Charles Oakley, known for his physical style of play that made him an All-Star and helped the Knicks reach the NBA Finals in 1994, vehemently denied that he yelled at the Knick owner moments before being thrown out by several security guards.
Oakley told the Daily News moments after being released from Midtown South police station at around midnight that the Garden security asked him to leave because Dolan did not want him there.
“I was there for four minutes,” Oakley said late Wednesday night. “I didn’t say anything to him. I swear on my mother. They came over and wanted to know why I was sitting there. I bought the ticket. I said why do you guys keep staring at me. Then they asked me to leave. And I said I’m not leaving”
Oakley was confronted by security, forcefully shoving one guard and appearing to strike another before he was physically removed from the stands.
However, sources at the Garden and police sources dispute Oakley’s account of the altercation, saying the scuffle was provoked by the former Knick yelling at his longtime nemesis Dolan.
Oakley was asked by several members of Garden security to leave, and then was seen shoving the swarming security guards – not far from tennis legend John McEnroe and with Dolan standing nearby in a maroon scarf.
Oakley was then escorted through the tunnel, taken to the floor by NYPD, and cuffed. According to police, Oakley was charged with three counts of misdemeanor assault, one of criminal trespass. A source said that Oakley declined legal representation because he was only hit with a desk appearance ticket. He was released from the Midtown South precinct at around midnight by police and snuck out the back door and into a black SUV, avoiding the waiting press outside.
Knicks president Phil Jackson came out to try to calm down Oakley, who was yelling about Dolan and telling security he wasn't going to move as they handcuffed him outside the tunnel leading to the court.
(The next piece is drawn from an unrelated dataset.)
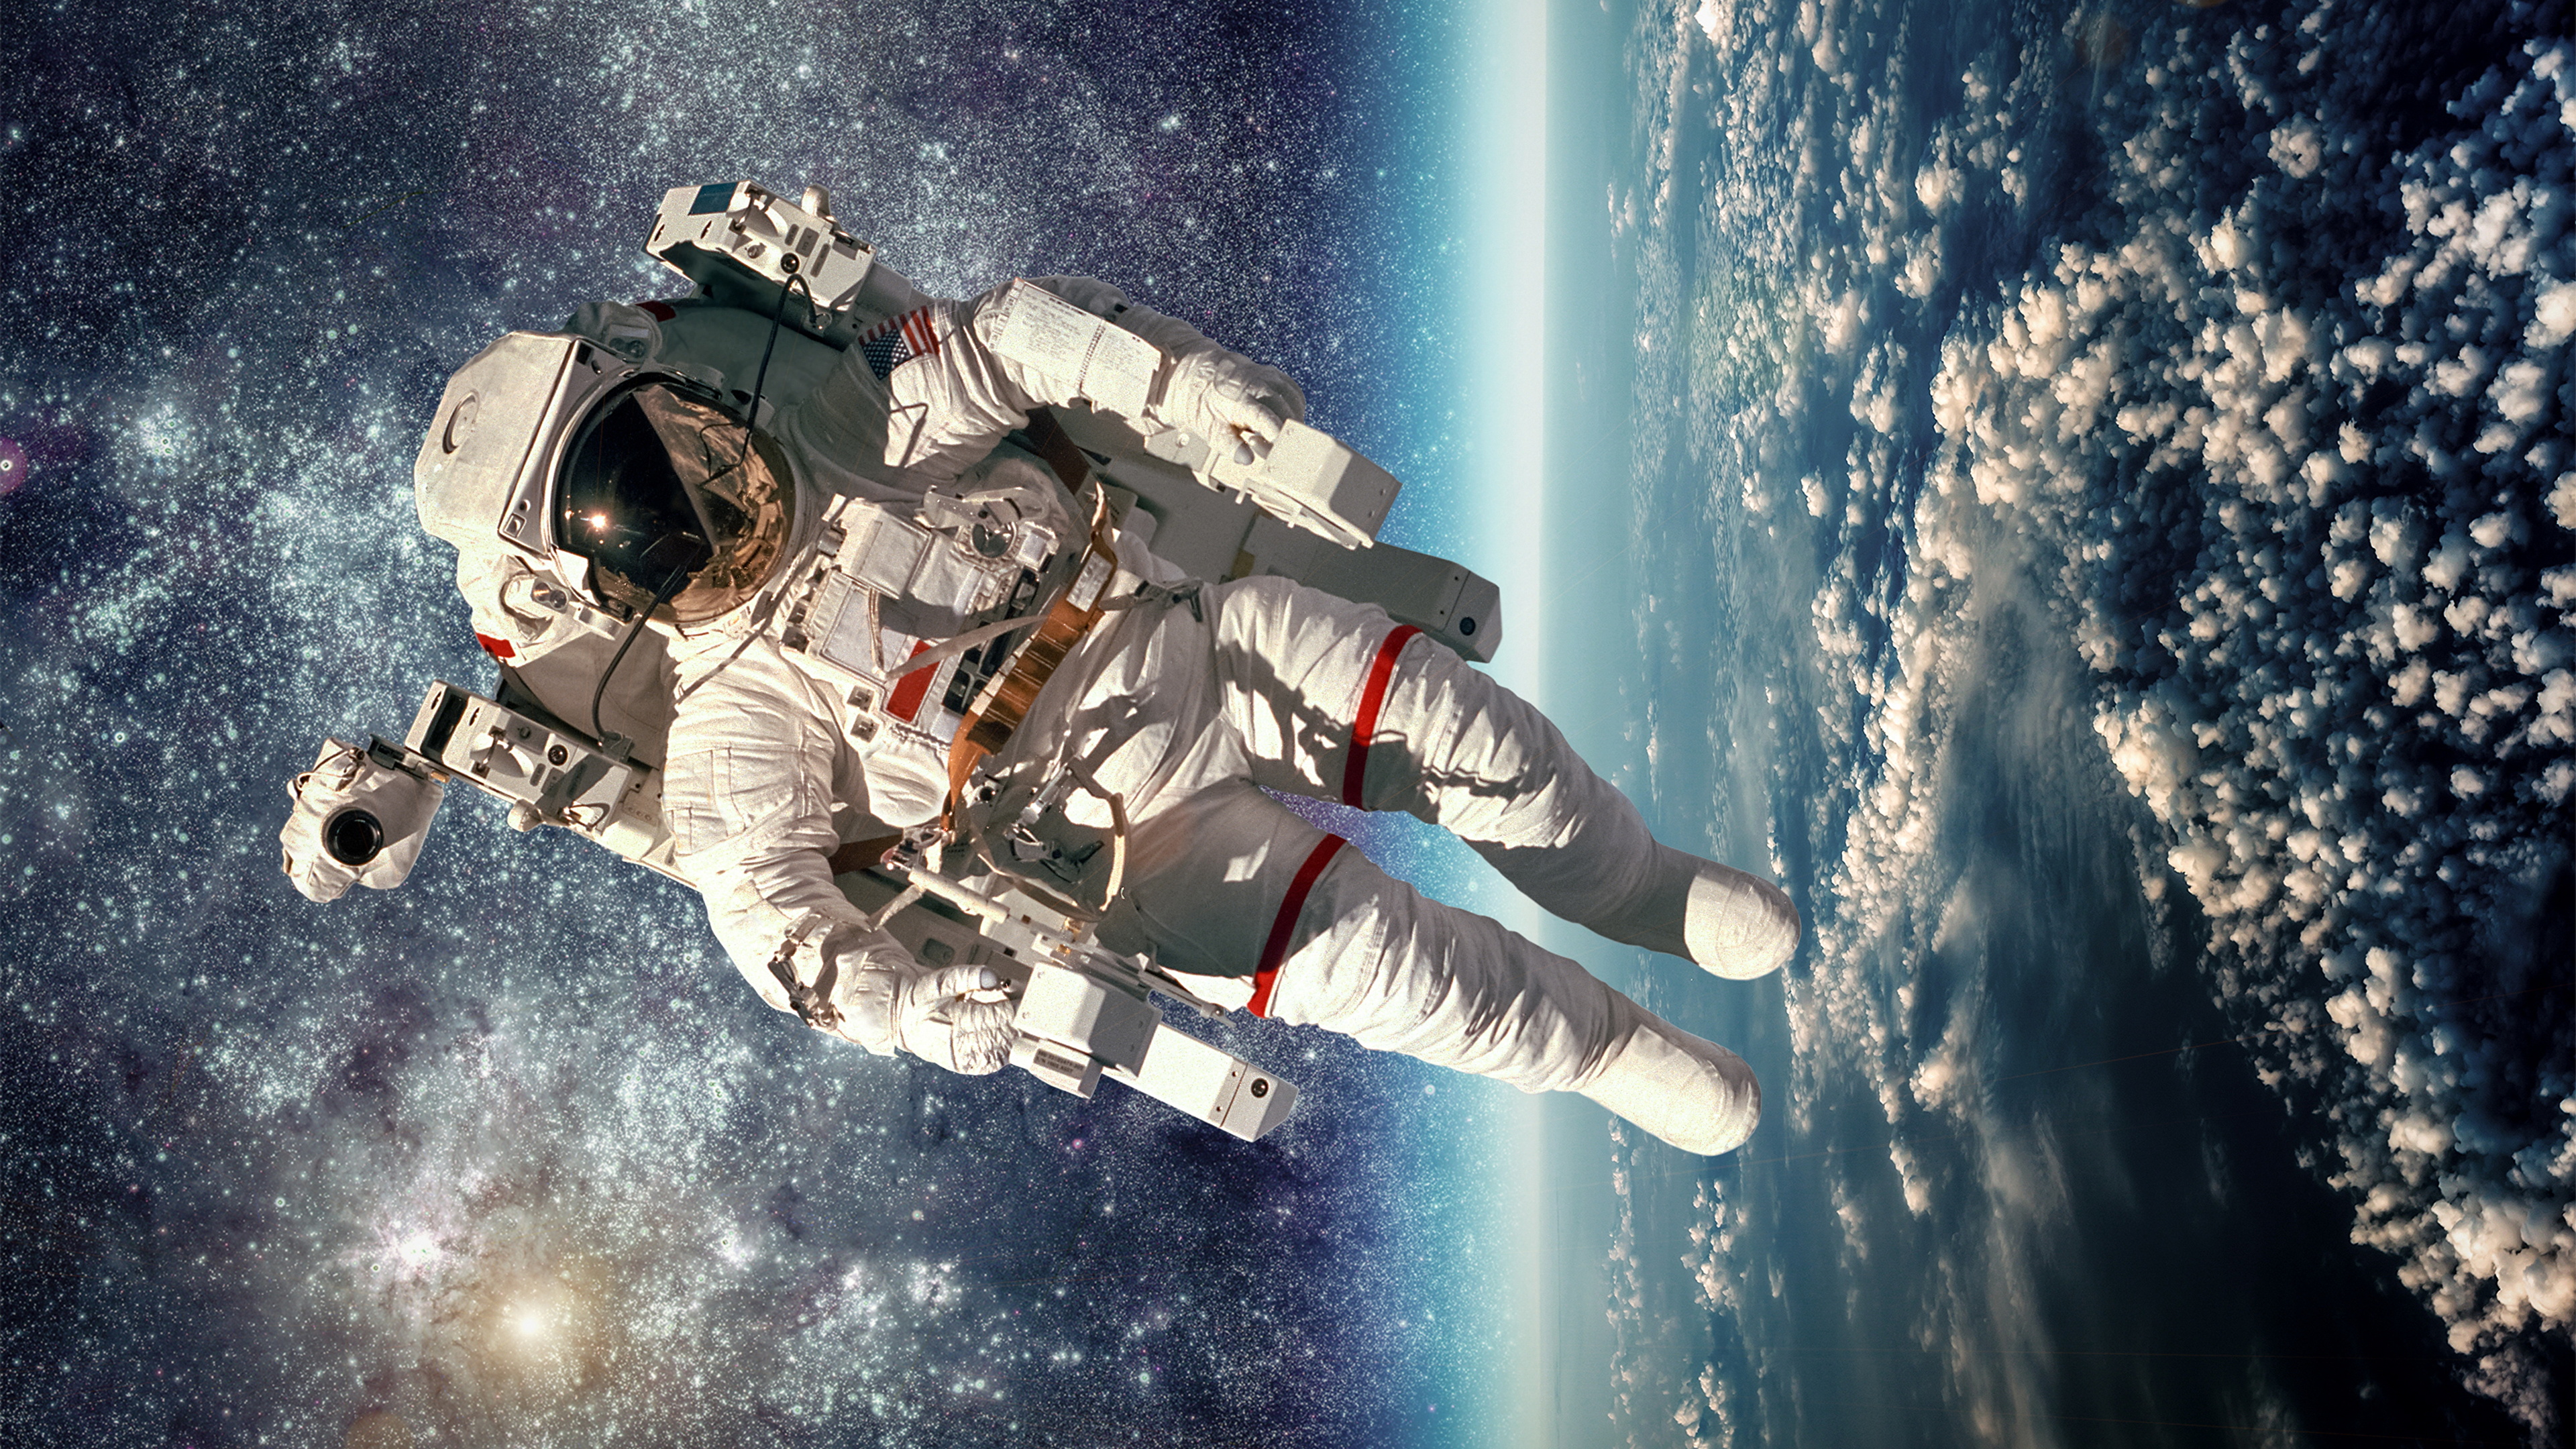 Fondos de Pantalla 3840x2160 Astronautas Americano Сosmos descargar imagenes

At one point, Oakley was on the ground surrounded by police and Madison Square Garden security.
Fans chanted "Oakley! Oakley!" in support of the popular former power forward, as players from both teams turned to watch.
"I stopped, and then there was an inbounds play on the side. I turned around just in time as he was handing it to him, and then there was a foul. I walked back to catch the third, fourth and fifth rounds," Clippers forward Blake Griffin said. "It was crazy, man."
Knicks star Carmelo Anthony said he saw what happened "from afar."
"I was kind of on the opposite end of the court," Anthony said. "I just saw a commotion, guys standing up. I don't really know kind of what happened, all the details."
According to the NYPD, Oakley, 54, punched three male MSG employees -- all of whom suffered minor injuries and refused medical attention at the scene -- as he was being escorted out. He was charged with three misdemeanor counts of assault, all third degree, and one count of criminal trespass, a third-degree misdemeanor.
It's the latest drama surrounding the Knicks, who lost their third game in a row, and it came just hours after first-year coach Jeff Hornacek said he expected as much when he took the job.
"I kind of, not was warned, but it was expected that it was going to be something all the time," Hornacek said. "And it's lived up to the billing. It's been something all year."
Cleveland Cavaliers star LeBron James appeared to voice his support for Oakley in an Instagram post Wednesday night.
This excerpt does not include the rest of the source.